▸ Provided material
== Segment start ==

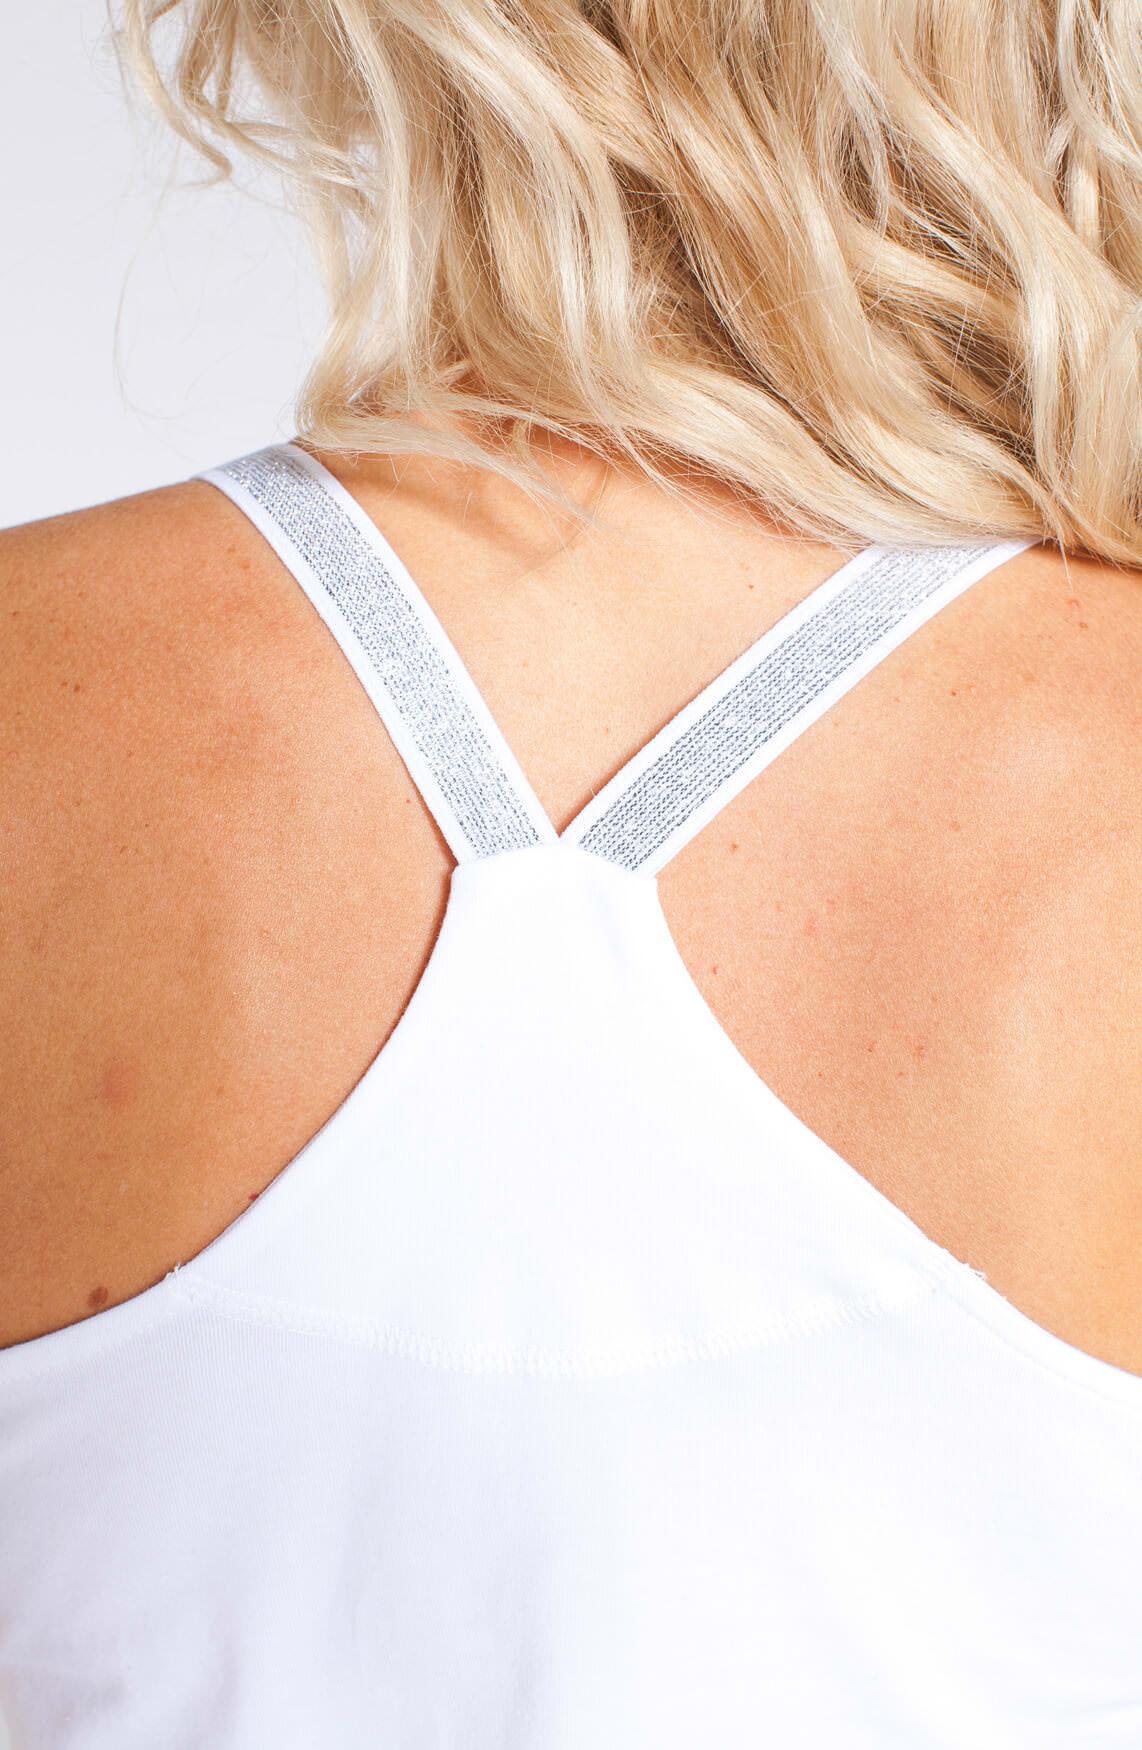 Anna Dames Top met lurex bandjes wit
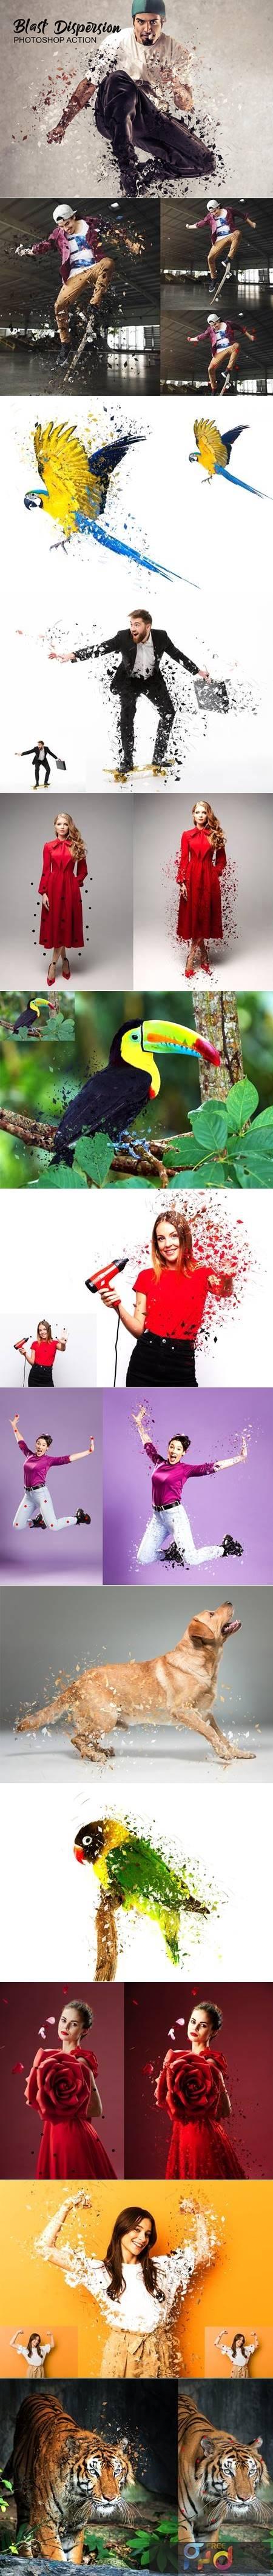 Blast Dispersion Photoshop Action 4755670 1
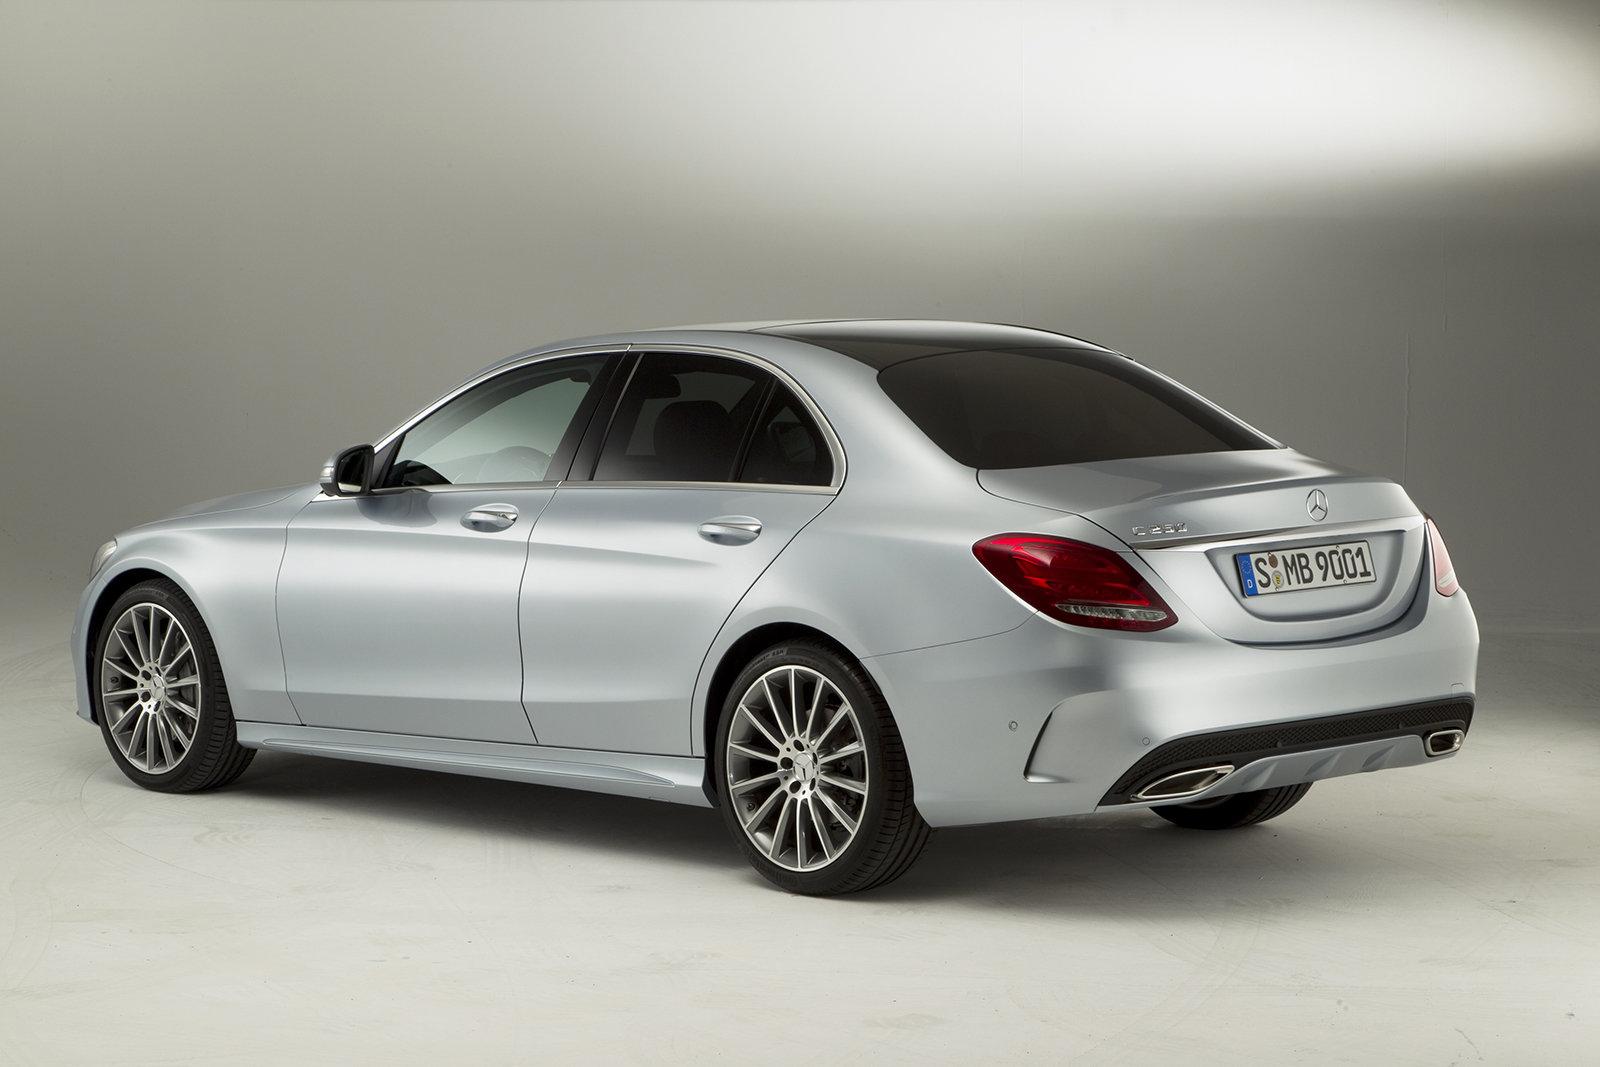 Mercedes-Benz C-класса четвертого поколения
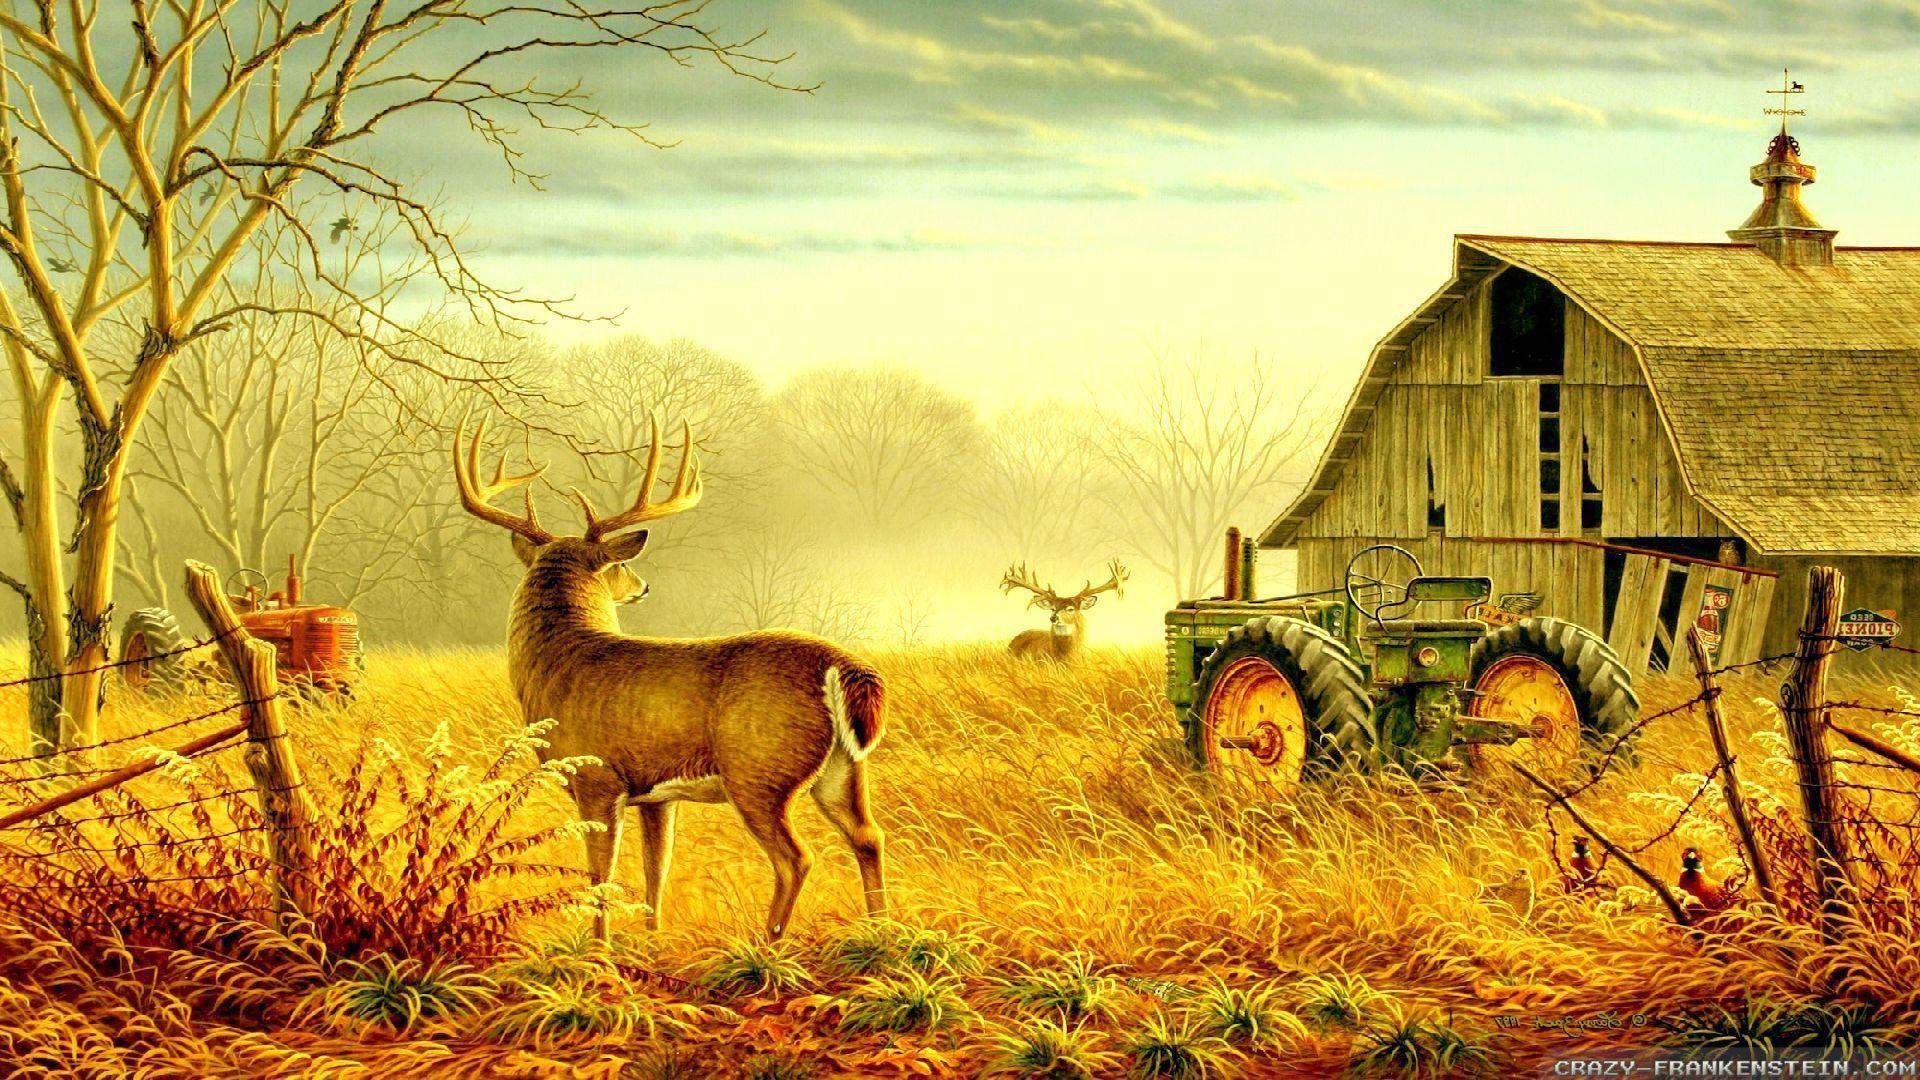 Rural scene wallpapers wallpapertag - Winter farm scenes wallpaper ...

== Segment end ==

▸ Problem statement
All of the data needs repeating exactly, but the pictures do not.

▸ Result
 Anna Dames Top met lurex bandjes wit
 Blast Dispersion Photoshop Action 4755670 1
 Mercedes-Benz C-класса четвертого поколения
 Rural scene wallpapers wallpapertag - Winter farm scenes wallpaper ...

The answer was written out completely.